Теперь Ральф Гринсон считал, что Фрейд был неправ. В жизни мы меняем не только одно желание на другое или один объект на следующий: мы меняем одновременно существующие или сменяющие друг друга идентичности. И эти идентичности носят не только социальный характер, но и семейный, и социальный.
Гринсон искал в этой сказке элементы, которые могли бы помочь ему понять, что произошло между ним и Мэрилин. Возможно, в сердце анализа и переноса лежал не сексуальный вопрос, а этот обмен, участники которого все более освобождаются от веса здешних вещей, возвращаясь в прошлое. Его поразила одна деталь этой истории: Жанно возвращается к матери. Он возвращается умирать там, где родился.

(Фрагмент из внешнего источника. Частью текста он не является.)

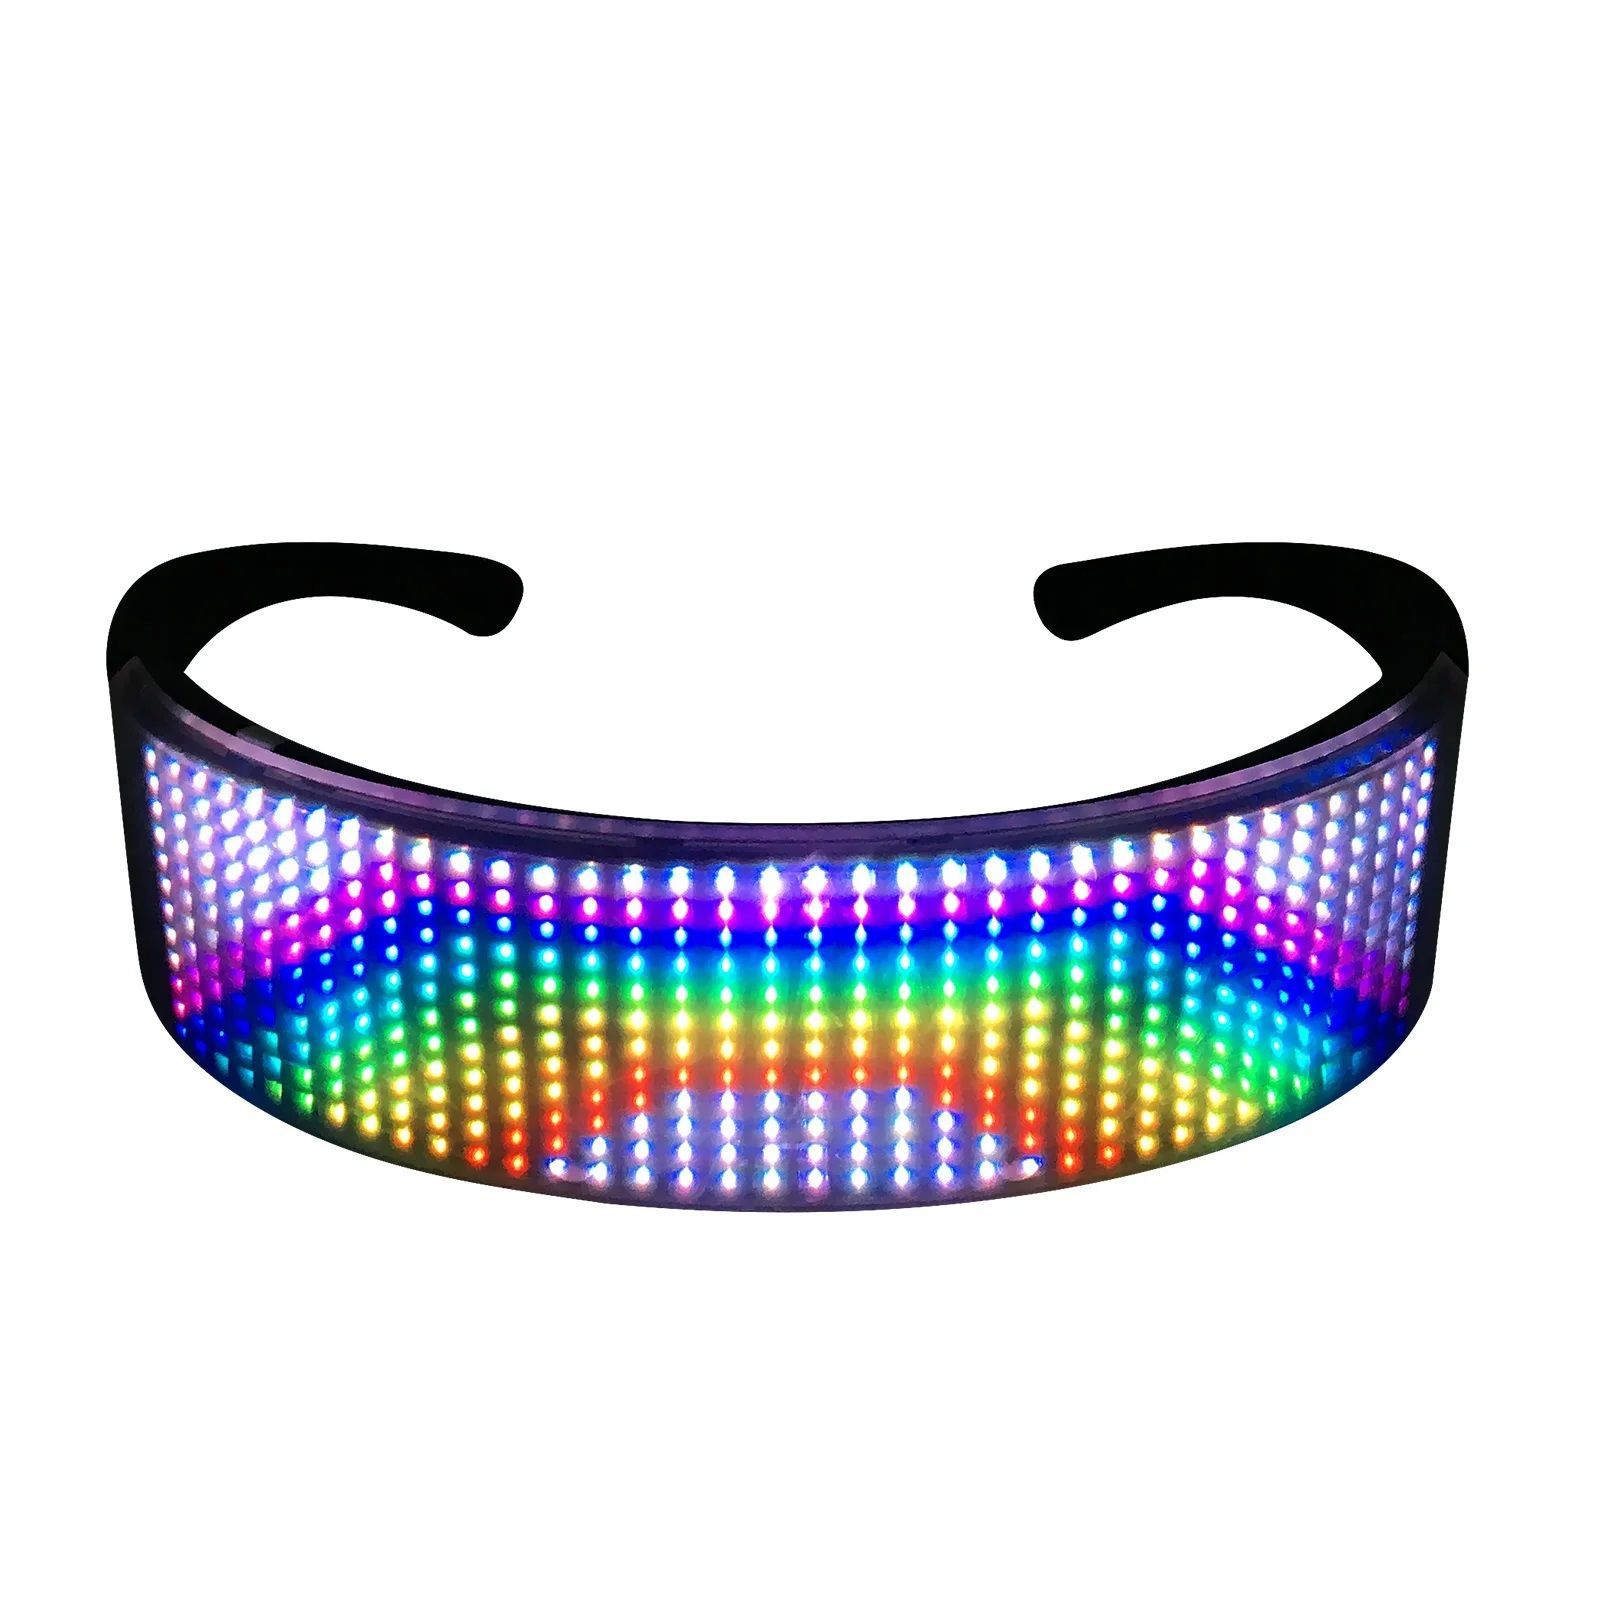 очки cyberpunk светящиеся led светодиодные фото 55

Гринсон снова и снова виделся со своей пациенткой, они беседовали, сидя лицом лицу, как неумелые актеры, «танцоры в темноте», как говорилось в той песенке Синатры, которую Мэрилин часто напевала вполголоса на сеансах, когда ей было трудно говорить. Все это были акты — в театральном смысле. Они были статистами в комедии ошибок. Разыгранный перенос. В мизансцене — воспоминания, рассказы, сны; костюмы, выбранные ей, чтобы разыграть пьесу, и те, в которые она наряжала в своем внутреннем театре его; разыграны ее собственные реплики в трагедии, автором которой была она сама; в этом спектакле он был низведен до роли вешалки, на которую она вешала одежду, сброшенную после предыдущих сцен, при смене декораций.

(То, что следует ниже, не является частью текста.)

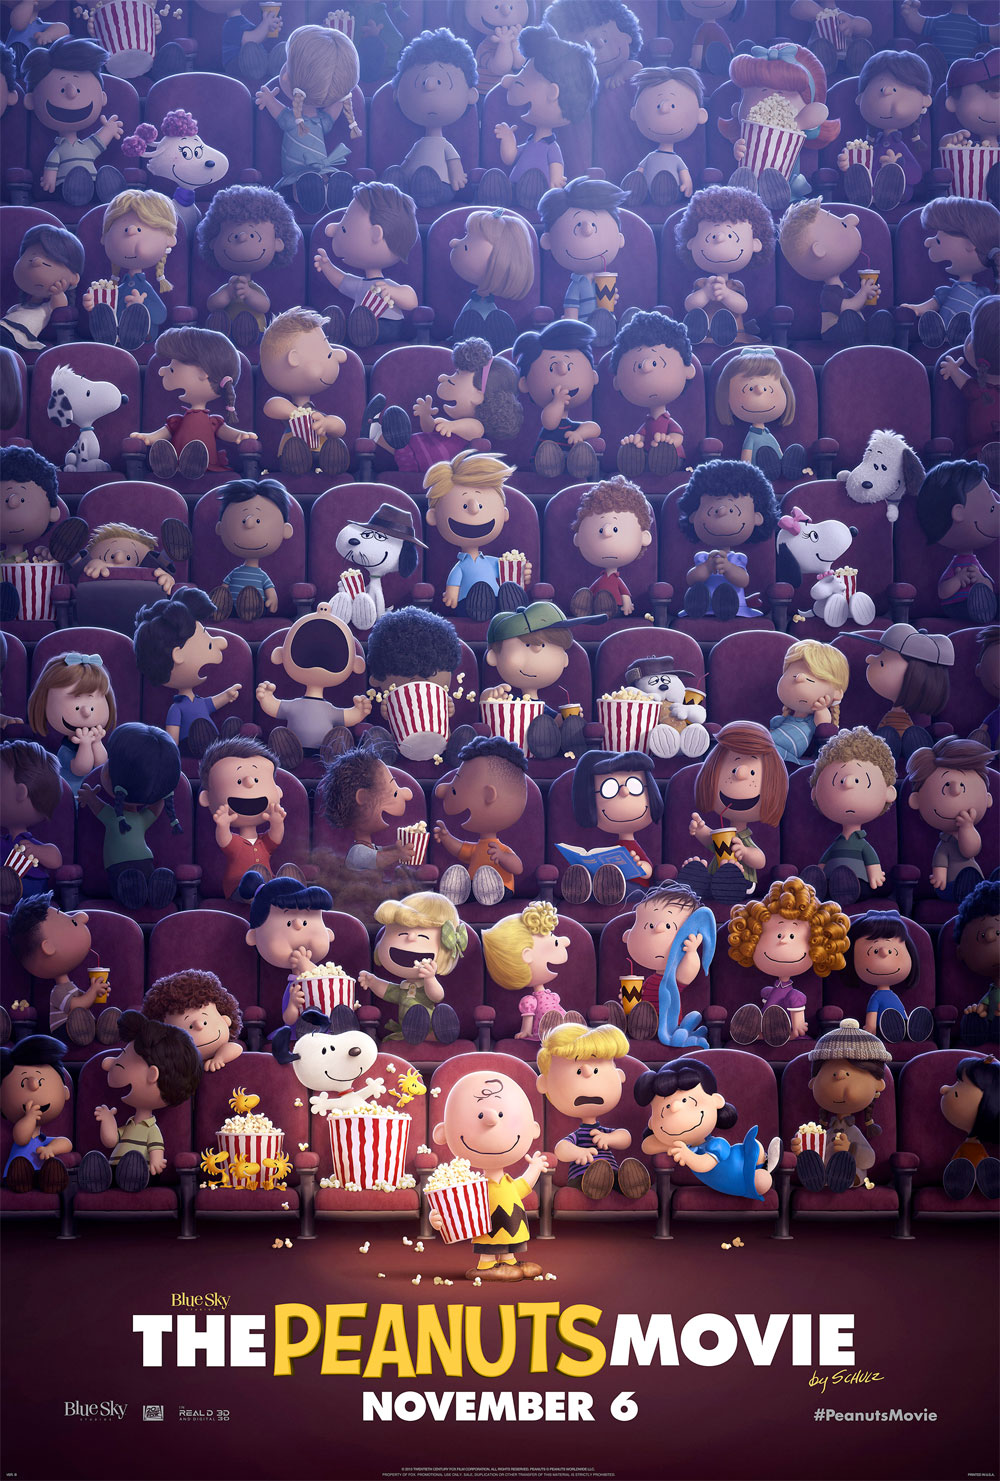 Poster Snoopy & Friends - Il film dei Peanuts

Комедия закончилась, занавес опустился. Загадка этого существа осталась нераскрытой. Ее личность, ее костюмы, которые Мэрилин постоянно сбрасывала, скрываясь в них, открываясь и вновь скрываясь. Ее театральный перенос, этот излишек любви, который она показывала к нему. Ее страсть к обнаженности. Ее образ, сотворенный из бесприютности и трепета, неустойчивый, как будто на краю экрана. Эта ее манера — как в жизни, так и в фильмах — ходить по невидимой ниточке, отделяющей грубую реальность от абсолютной выдумки. Все это вновь проплывало перед внутренним взором Гринсона и не имело ни малейшего смысла. Он не хотел лишать Мэрилин ее образов, разлучать ее с персонажами, которых она водила с собой. Это был выбор. Он сказал себе, что не был виновен. Что любовь — это кожа. Когда мы любим, мы защищены от холода мира. Что личность — это луковица. Надо остерегаться ее чистить. Когда мы снимем последнюю кожицу, от луковицы ничего не останется.
Беверли Хиллз,
Роксбери-драйв
8 августа 1962 года
Уэкслера все более утомляла тревога, которая заставляла его коллегу снова и снова прокручивать перед ним фильм о последних неделях Мэрилин. Гринсон кашлял и говорил неразборчиво, запинаясь, через силу, как будто сам был актером, произносящим еще не вполне выученный текст. Текст ее смерти. Текст ее жизни.
— Ее последний год… мне надо рассказать про ее последний год. Она пришла ко мне, потому что больше не могла. Во время сеансов я вел ее словно на вытянутых руках, на кончиках слов. На самом деле я чувствовал знак судьбы в этом названии: «Что-то должно рухнуть». Я не захотел его слышать.